Citation: Siegel MO, Simon GL (2012) Is Human Immunodeficiency Virus Infection a Risk Factor for Strongyloides stercoralis Hyperinfection and Dissemination. PLoS Negl Trop Dis 6(7): e1581. https://doi.org/10.1371/journal.pntd.0001581
Editor: David Joseph Diemert, The George Washington University Medical Center, United States of America
Published: July 31, 2012
Copyright: © Siegel, Simon. This is an open-access article distributed under the terms of the Creative Commons Attribution License, which permits unrestricted use, distribution, and reproduction in any medium, provided the original author and source are credited.
Funding: GLS receives support from the NIH under the following grants: UO1A1068619, 1P30A1087714 and 1UL1RR041988. The funder had no role study design, data collection and analysis, decision to publish, or preparation of the manuscript.
Competing interests: The authors have declared that no competing interests exist.

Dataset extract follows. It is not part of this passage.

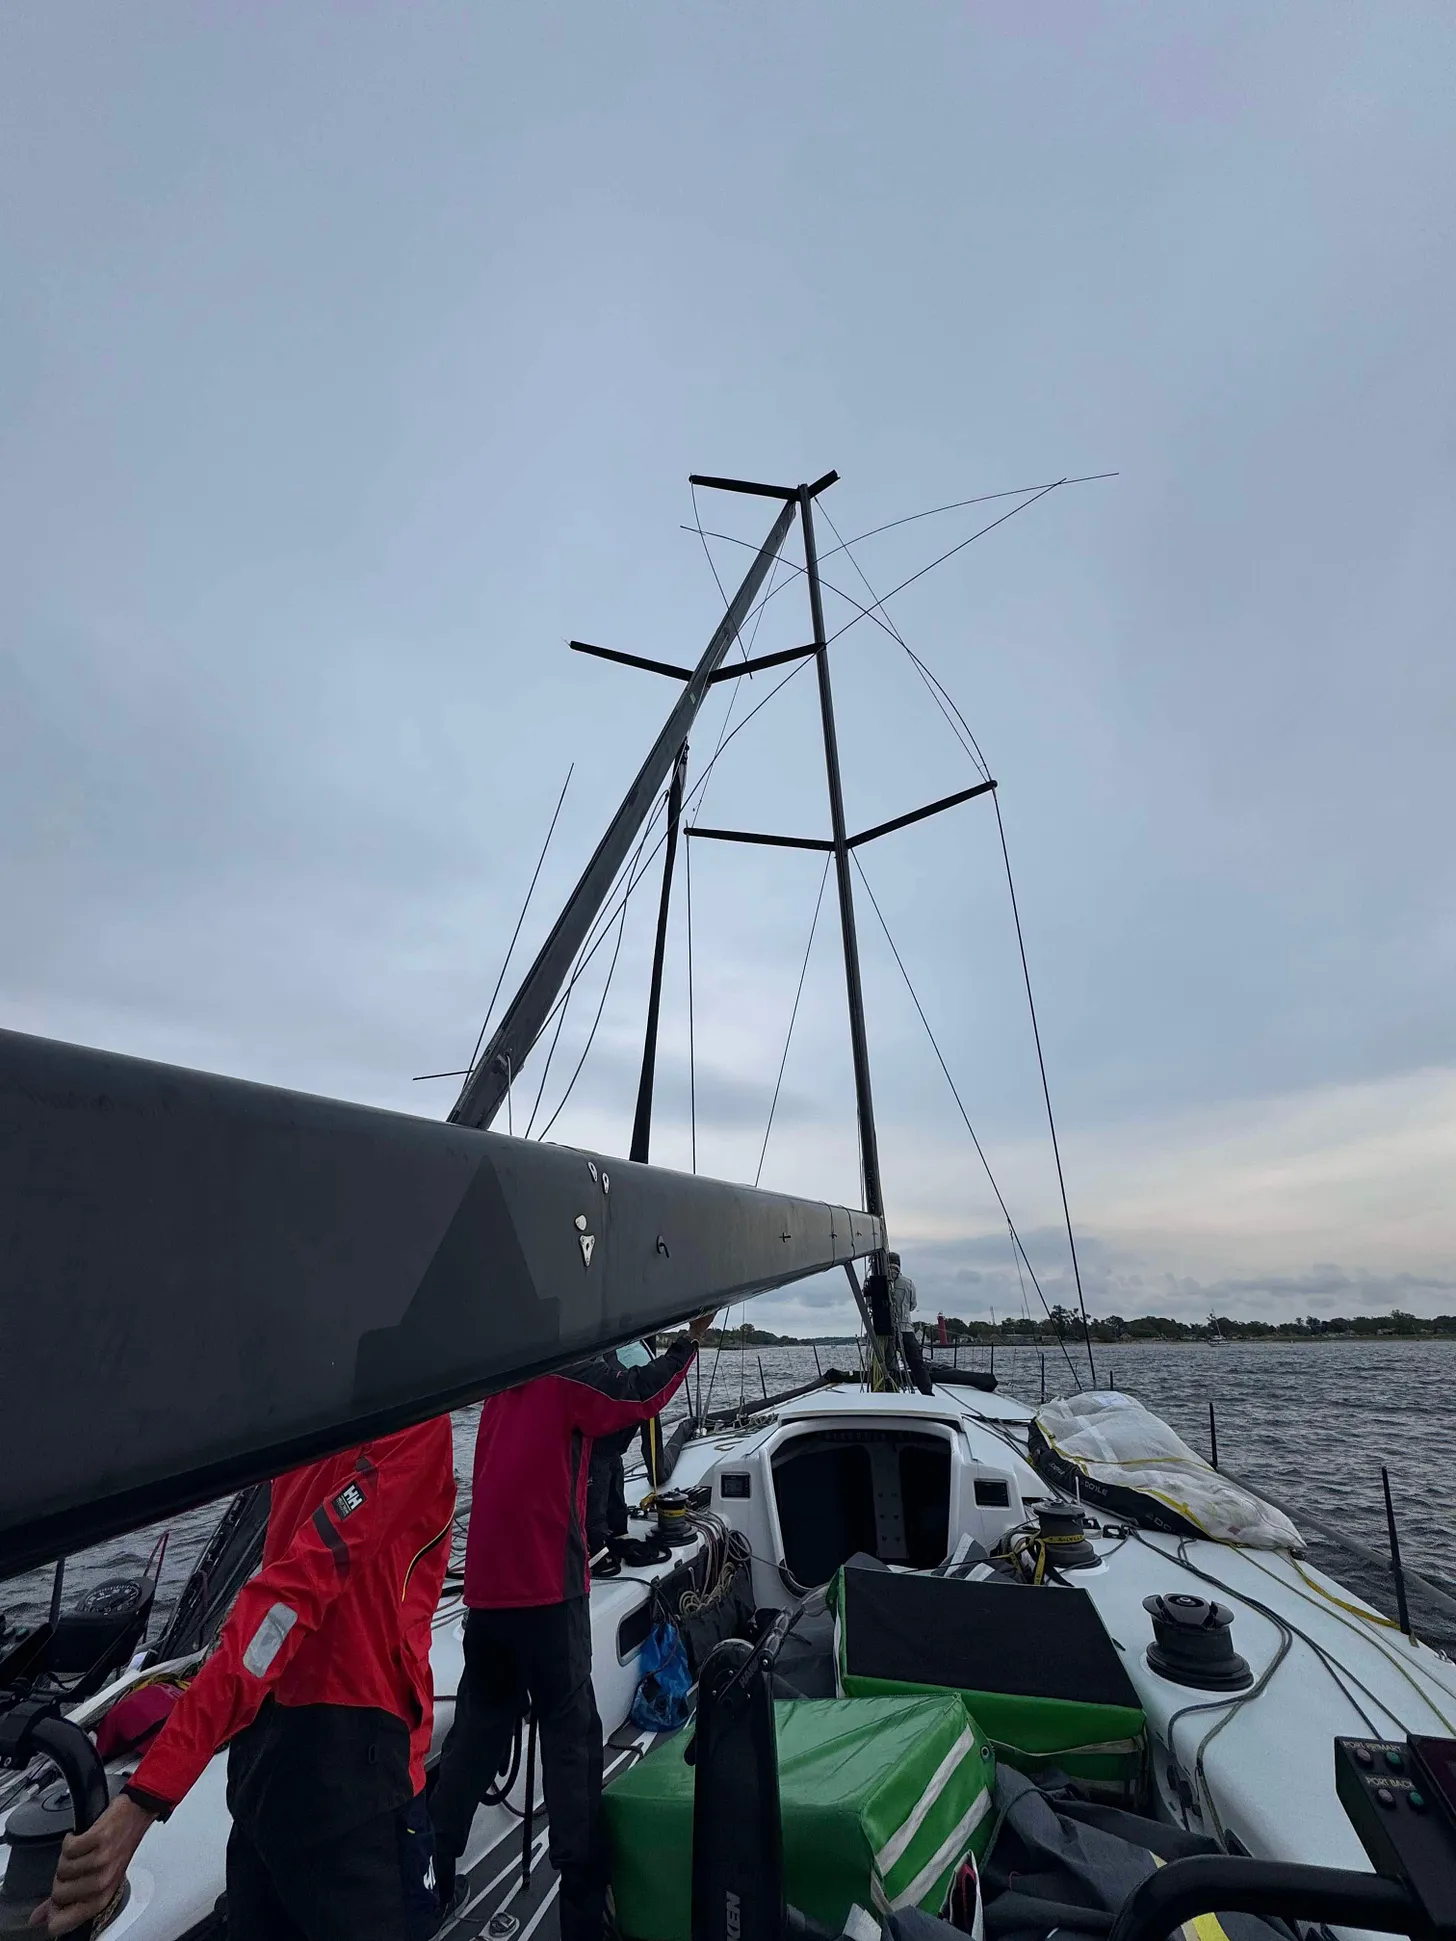 Chicago to Mackinac sailboat race: Storm snaps masts, tosses sailor into Lake Michigan
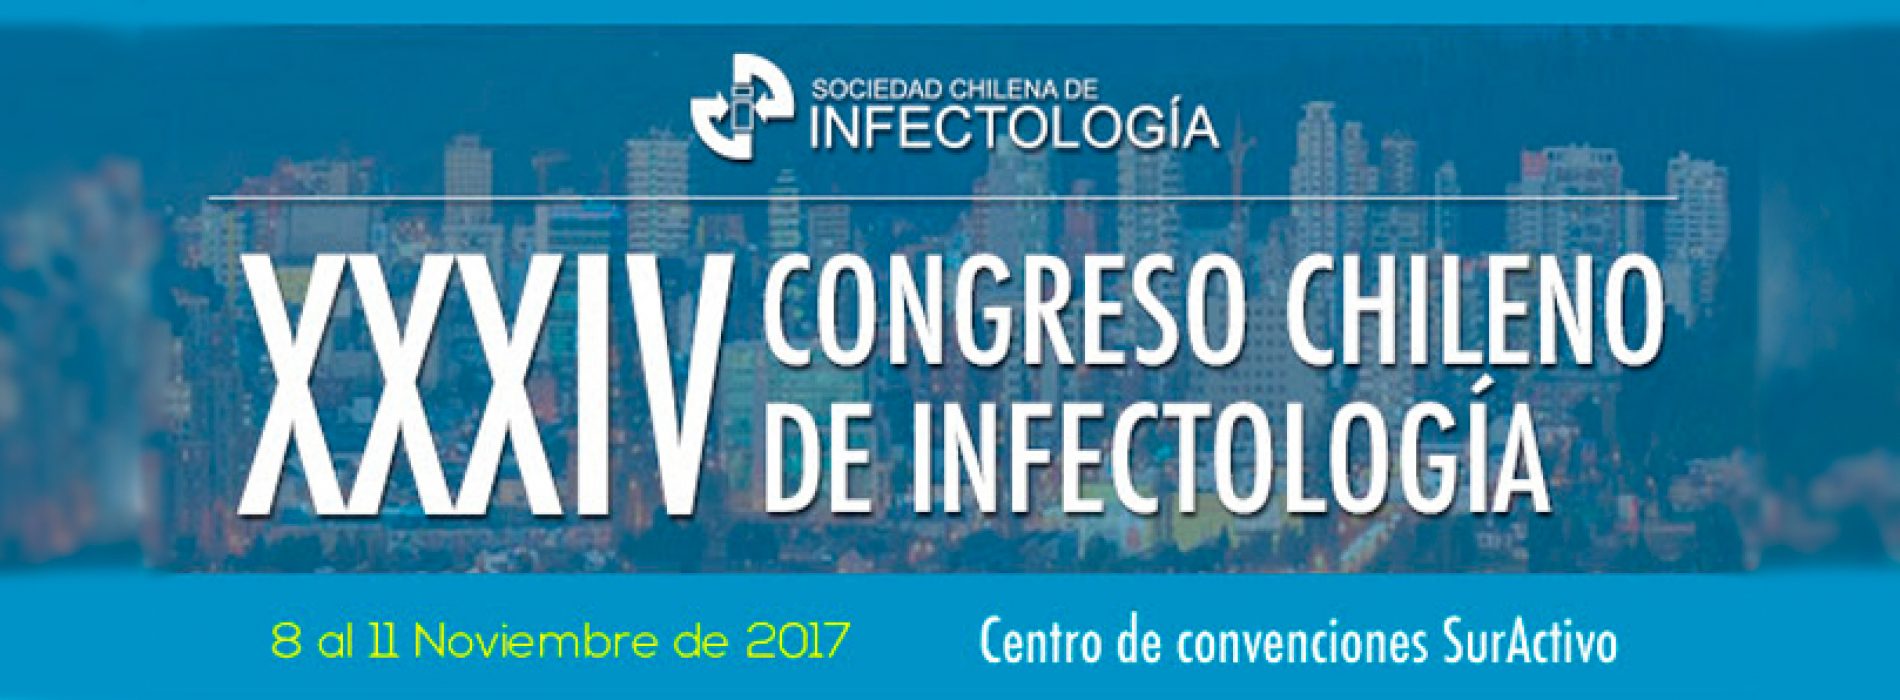 Invitación XXXIV Congreso Chileno de Infectología

Strongyloides stercoralis was first identified in post-mortem examination of the gastrointestinal tract of five French soldiers from Cochin, China, in 1876. Since then it has been recognized that infection with this organism can persist for decades. This is due to an autoinfective process whereby rhabditiform larvae that are excreted by the adult worm are converted to infectious filariform larvae in the large intestine where they can then reinfect the host. Under normal conditions this conversion in humans is quite limited, with most conversions occurring in the soil. Occasionally large numbers of rhabditiform larvae transform into infective filariform larvae in the human gastrointestinal tract, which results in a more severe form of the autoinfective cycle. This is referred to as hyperinfection syndrome and can result in dissemination of the larvae to other organs in the host with potentially fatal consequences.
The hyperinfection syndrome has been linked to immunosuppression. In particular, conditions that impact on cell-mediated immunity have been more closely identified as risk factors for the development of this syndrome. The two conditions that have been most frequently recognized as predisposing factors for the development of the hyperinfection syndrome are corticosteroid use ,  and human T-lymphotropic virus type 1 (HTLV-1) infection . Studies of disseminated disease in organ transplant patients, asthmatics, patients with chronic lung disease, and patients with autoimmune disease have shown that corticosteroid therapy has been a common denominator in the development of severe infection.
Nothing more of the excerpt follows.